С этими словами она выкатилась на мостовую и проворно подалась вперед к остановке, по которой не дошел бедолага троллейбус, вероятно, давно исчерпавший свои ходовые ресурсы. Иванов отметил про себя, что неожиданный диалог высек на угрюмых лицах пассажиров веселое оживление. Видно, у острой на язык женщины было много сторонников и сочувствующих.

Утром, когда Иванов ехал в цех натуры, падал густой влажный снег крупными хлопьями, одевая деревья и провода в белый пушистый наряд. Сейчас снег перестал, и в проталинах низких, рваных голубовато-серых туч на какое-то мгновение сверкал пугливый солнечный луч. На тротуарах и мостовой снег быстро таял под колесами машин и под ногами пешеходов. От талого снега воздух казался густым и сладковатым, и, несмотря на глубокую осень, пахло чем-то предвесенним, радужным, и в душе Иванова звучал навязчивый мотив песни на слова Михаила Исаковского «Враги сожгли родную хату». И теперь вспомнив спешащую в церковь старуху и ее беспощадный монолог в сломавшемся троллейбусе, он с тревогой и грустью, полными безысходного отчаяния, подумал: «Родную хату, о которой с такой сердечной болью писал маститый русский поэт, сожгли враги-фашисты, победив которых народ наш сумел за короткое время построить новые избы на фронтовых пепелищах. Но какие же враги снова, спустя без малого полвека, подожгли наш дом? Кто они – эти враги, как и откуда появились в самом сердце России, в Кремле, в котором так и не удалось побывать покорившему пол-Европы Адольфу Гитлеру?» Вопросы не требовали ответа: он уже содержался в самом вопросе.

В душе Иванова едва ли не с детских лет звучали мелодии полюбившихся и врезавшихся в память песен, они поселились в нем навечно, стали частицей его самого и в последние годы все настойчивей и тревожней преследовали и распирали душу и вырывались иной раз наружу, когда он один находился в своей мастерской. Это были либо русские народные напевы, либо песни времен Великой Отечественной, по фронтам которой он в солдатской шинели прошел от Минска до Москвы и обратно до Варшавы, где был тяжело ранен. Эти внутренние мелодии приносили душе успокоение, а иногда напротив – создавали душевное напряжение, нагоняли тоску и печаль. Вдруг его осенило неожиданное открытие: а ведь который год в народе – в семьях, в домах, даже на свадьбах и вечеринках не слышно песен. Магнитофоны исторгают режущие слух истеричные визги, под которые девчата и парни, изгибаясь в немыслимых позах, изображают танцы. А песен не поет молодежь. Почему, что случилось с песней, которая всегда, во все времена, была душой народа, согревала сердца, была доброй спутницей в праздники и будни, вдохновителем и утешителем в горе и радости? Песню-мелодию, преисполненную глубокого смысла, подменили, как сказала та богомолка в троллейбусе, грохотом и скрежетом хаотических звуков, сопровождаемых двумя примитивными к тому же пошлыми фразами, вроде «Я тебя хочу», которые повторяются на протяжении двадцати минут. Такие песни не согреют душу, не посеят в ней добрые семена. Эти песни-выродки, песни-ублюдки, зачатые в наркотическом угаре скотского разврата и нравственного скудоумия.

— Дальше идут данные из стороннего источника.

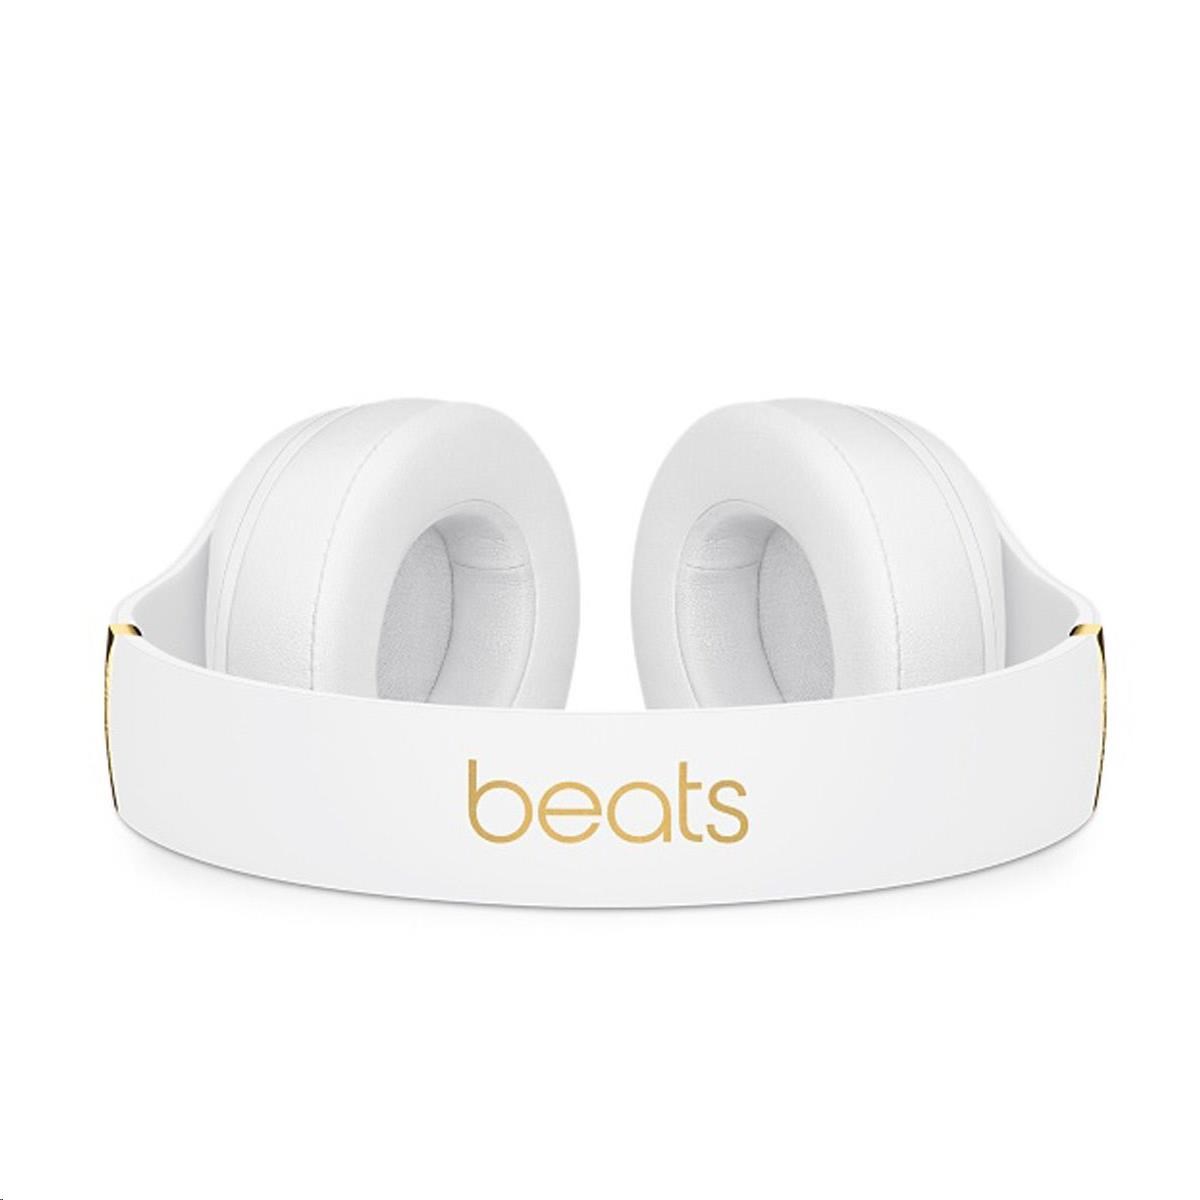 Beats Studio3 Wireless Over-Ear Headphones - White4

Иванов решил идти пешком – до мастерской оставалось каких-нибудь четыре-пять троллейбусных остановок. Чтоб не вспотеть, он отстегнул «молнию» темно-синей куртки, надетой поверх теплого грубой вязки свитера, купленного в еще «застойное» время. Его беспокойный, деятельный, целеустремленный характер не позволял медленной неторопливой прогулки, – он всегда ходил быстро, напористо, обгоняя прохожих. На ходу он всматривался в лица людей в надежде поймать хоть одну улыбку. Тщетно: лица у всех – молодых и пожилых – озабоченные, мрачные, суровые. Точно такими он видел москвичей в далеком сорок втором году, когда возвращался из госпиталя на фронт. Впрочем, такими и не совсем такими. У тех москвичей военной поры ощущалась неукротимая энергия и воля, неистребимая вера в победу и какое-то монолитное внутреннее единение, духовное согласие и непоколебимая, фанатичная убежденность в своей правоте. У этих, сегодняшних, он видел растерянность, апатию, агрессивную враждебность, отчужденность и неверие, духовную опустошенность. Нечто подобное он ощущал в самом себе. Но главное, что его поражало, – это состояние после августовской победы «демократов» и провала какого-то до нелепости странного опереточного путча, как будто спланированного в коридорах американского ЦРУ и израильского «Моссада». В те дни искусственного пьяного ликования записной митинговой толпы он вышел на улицу, направился было к центру и вдруг ощутил, что всегда любимая им Москва, его Москва, сердце и мозг великой державы, показалась ему чужой и даже враждебной. Это была уже другая, незнакомая ему Москва, и даже не Москва, а просто город, прогруженный в хаос, безликий, распутный, лишенный души и совести, напоминающий квартиру, в которой только что побывали воры и перевернули все вверх дном… И он вернулся в мастерскую.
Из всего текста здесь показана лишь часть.